Computational assessment of the reactivity and pharmaceutical potential of novel triazole derivatives: An approach combining DFT calculations, molecular dynamics simulations, and molecular docking

Abstract

The worldwide prevalence of cancer and its increasing frequency make it a key research area in drug discovery programs. The current research paper describes the development of QSAR models based on the in vitro against topoisomerase II, which identified the structural origin of anticancer activity for derivatives of triazole moieties linked to mansonone E. The models PLS regression QSARs validated by LOO showed an R2 of 0.92, 0.89 and 0.99 and a Q2 of 0.75, 0.62 and 0.88 for CoMFA, CoMSIA and HQSAR respectively. External validation criteria were used to validate the reliability of the models. These results show the impact of electrostatic and steric fields and of the hydrogen bond donor on the activity of the compounds studied. Based on these results, seven novel inhibitors with high activity were designed, which successfully passed Lipinski's rule of five for oral bioavailability.

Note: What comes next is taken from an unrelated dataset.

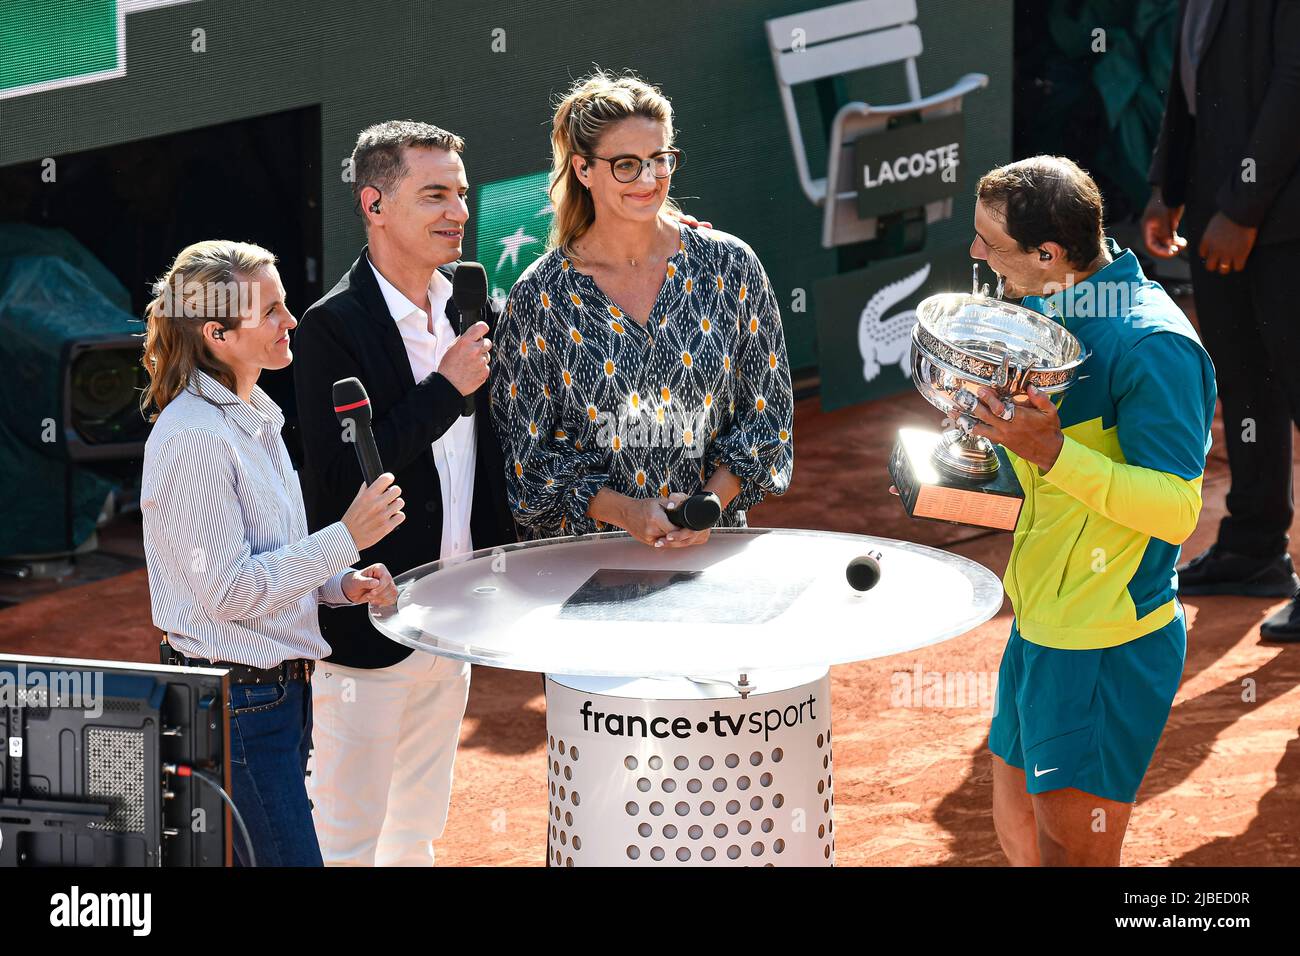 Paris, France - 05/06/2022, Rafael 'Rafa' Nadal of Spain with the trophy is interviewed by the French television channel 'France Televisions' ('France TV Sport', 'France 2') with Justine Henin, Laurent Luyat and Mary Pierce after the French Open final against Casper Ruud, Grand Slam tennis tournament on June 5, 2022 at Roland-Garros stadium in Paris, France - Photo Victor Joly / DPPI Stock Photo

The evaluations of ADME/Tox parameters and synthetic accessibility for chemical synthesis showed acceptable results. Ligand interactions in binding site protein were assessed using molecular docking. The results show the correct conformational pose of the designed compounds especially the compound T1 where it forms hydrogen and hydrophobic interactions with the main binding site residues. The stability of the complexes was confirmed by the MD study and the calculation of the free binding energy. The T1 synthesis reaction was carried out according to the 1,3 cycloaddition reaction. The study of the local and global reactivity and the energy of activation of this reaction have shown the predicted of the regioselectivity of compound T1. Also we have described the state of transition of two isomers T1,4 and T1.5. Finally, this study would be interesting to help identify and optimize avenues for early discovery of anticancer drugs.